– Наберем Бахрома еще раз?..
К моему изумлению, любимая отрицательно покачала головой. И каким-то неживым голосом сказала:
– Не надо. Все равно не дозвонимся. Ночь уже. Поехали домой.
Вроде бы, я должен был почувствовать громадное облегчение. Ведь я сам предлагал ехать домой. Но ощущение было такое, будто кто-то прижег спичкой кончики моих истерзанных нервов. Наверное, даже ложная надежда для сердца лучше, чем сухая беспощадная правда. Пока, под сыплющимся снегом, мы, как часовые, ходили вокруг бревенчатого здания и периодически пробовали дозвониться до Бахрома, мы могли верить в невозможное. Что непредсказуемый господин Мансуров вдруг возьмет да соизволит поднять трубку. Или настрочит сообщение с адресом. Но когда мы проглотили горькую пилюлю трезвого взгляда на вещи – в мире остались только мы, летучий снег и луна. И никакой надежды.

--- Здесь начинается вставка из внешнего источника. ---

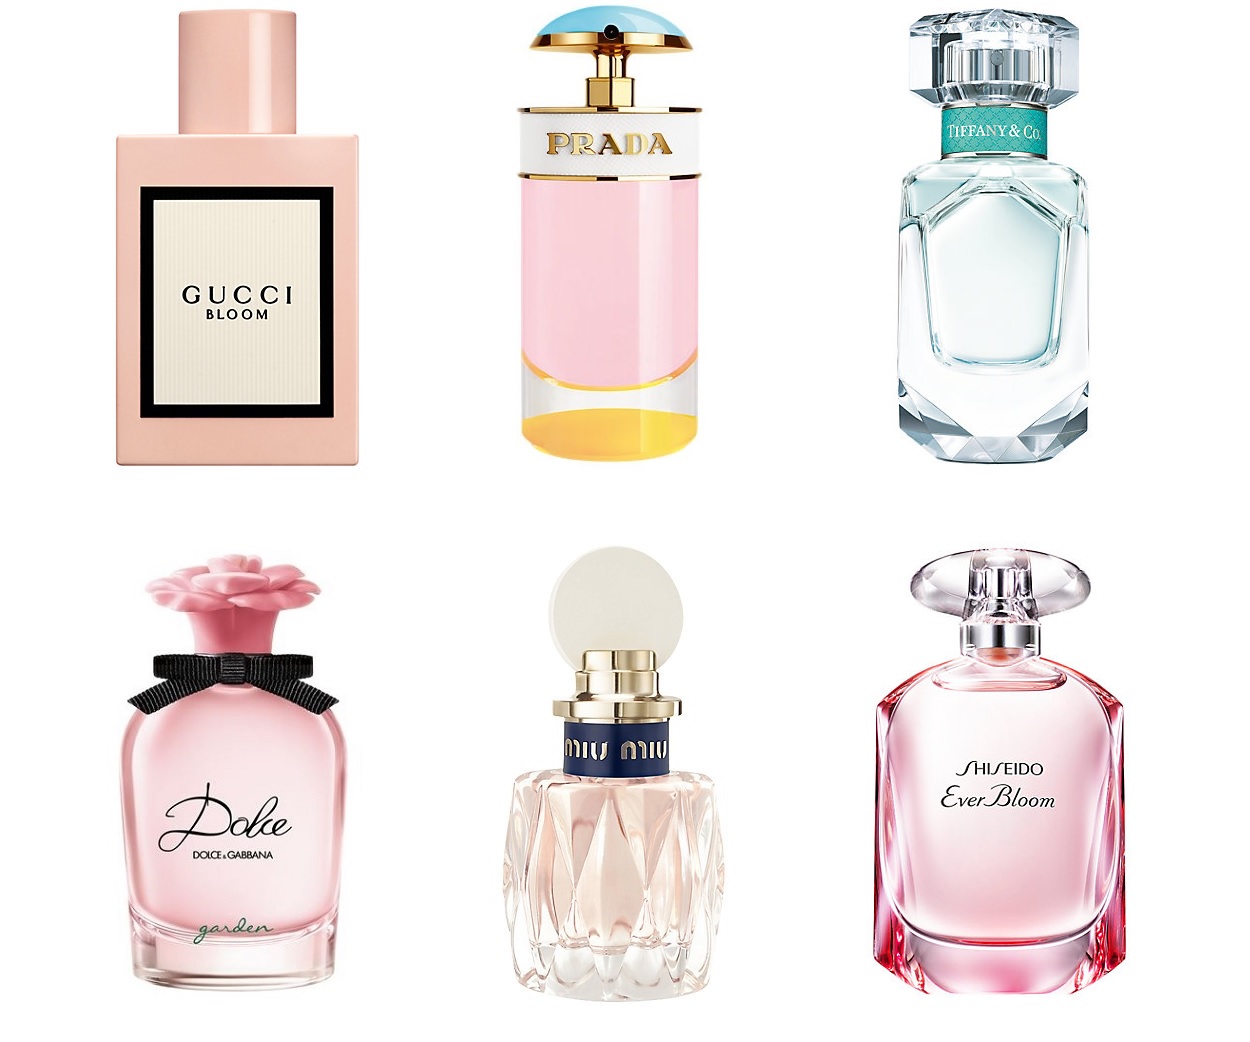 best dolce and gabbana perfume for her 2018

У меня нервно дернулись плечи и голова. Я схватил запястье Ширин и сжал – может быть, чрезмерно крепко. И, запинаясь, выпалил:
– Ты только не кисни, прошу тебя!.. Бахром просто застрял на совещании. Но завтра он обязательно с нами свяжется. Место секретарши, о котором он говорил, от тебя не убежит. Вот увидишь!..
Моя девочка снова покачала головой – и тем же мертвым голосом сказала:
– Забудь. Если Бахром два раза нас кинул – кинет и в третий. Бахром – жулик. Я только одного не могу понять: зачем он вообще нам звонил после того, как мы заплатили деньги?.. Видимо, это какой-то мошеннический трюк. Бахром рассчитывает еще что-то от нас получить?.. Но веры сиятельному господину Мансурову – больше нет. Мы должны обратиться в честно работающее кадровое агентство, которое не берет плату вперед. Или решить вопрос с моим трудоустройством своими силами.

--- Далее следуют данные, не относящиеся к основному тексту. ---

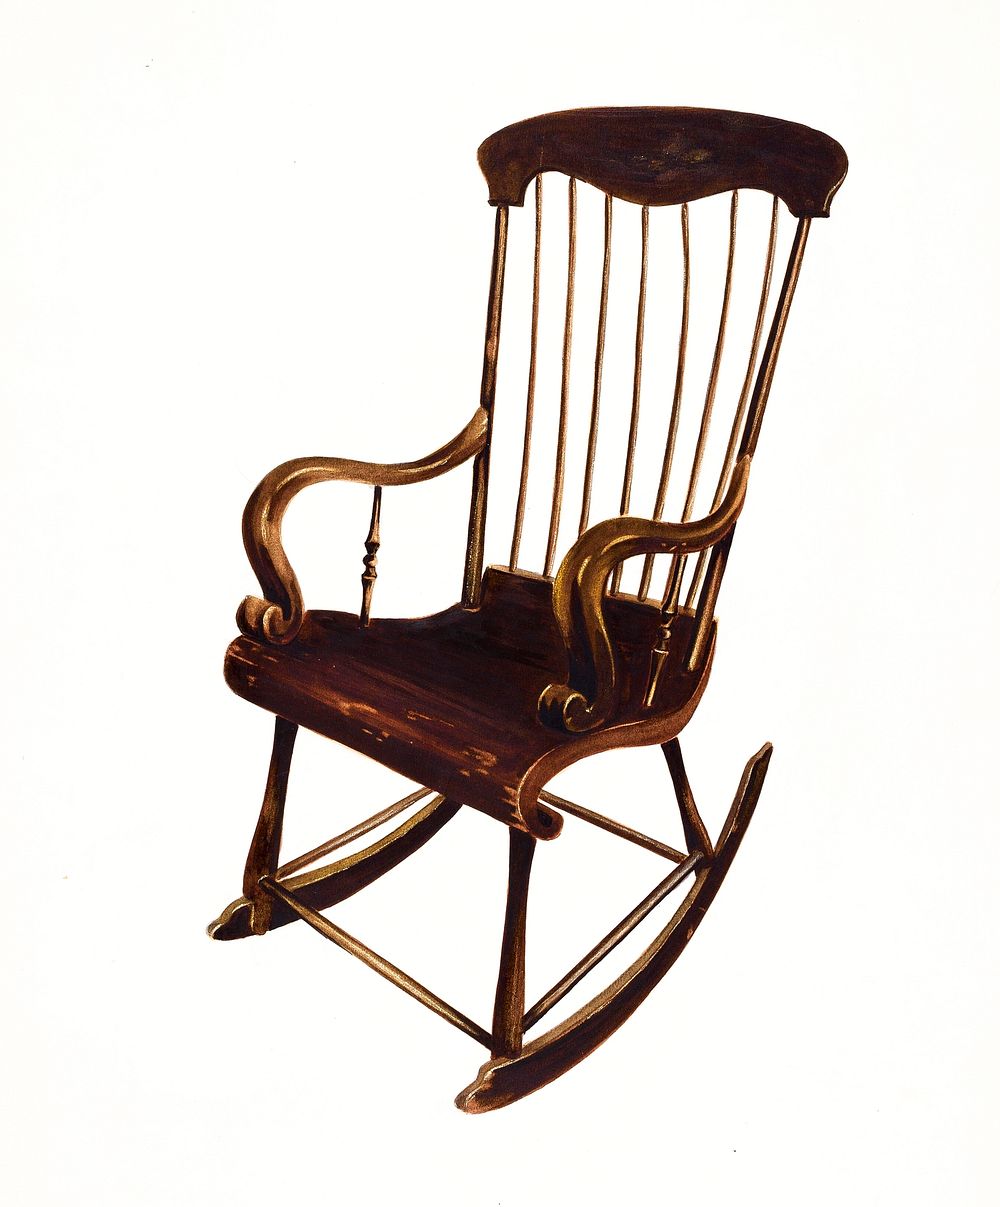 Rocking Chair: Bishop Hill (1935-1942) by William Spiecker. Original from The National Galley of Art. Digitally enhanced by…

С минуту я стоял понурившись. Моя милая так четко разложила все по полочкам – не поспоришь. Эта была та сермяжная правда, которую я сам полчаса назад пытался донести по Ширин. Еще немного потоптавшись, я спросил:
– Ну так значит – домой?..
– Домой, – сказала любимая, взявшись за мой локоть.
Ждать маршрутку было долго – мы двинулись в сторону метро пешком.
Мы шли сквозь пелену снегопада по кривой улочке, мимо покосившихся заборов. Ночная тьма была черней мускуса, а снег – белее, чем камфара. А по небу – не отставая от нас – плыла ярко горящая луна. Мы ступали молча. Не было ни сил, ни желания говорить. Надо было переварить сегодняшнюю неудачу.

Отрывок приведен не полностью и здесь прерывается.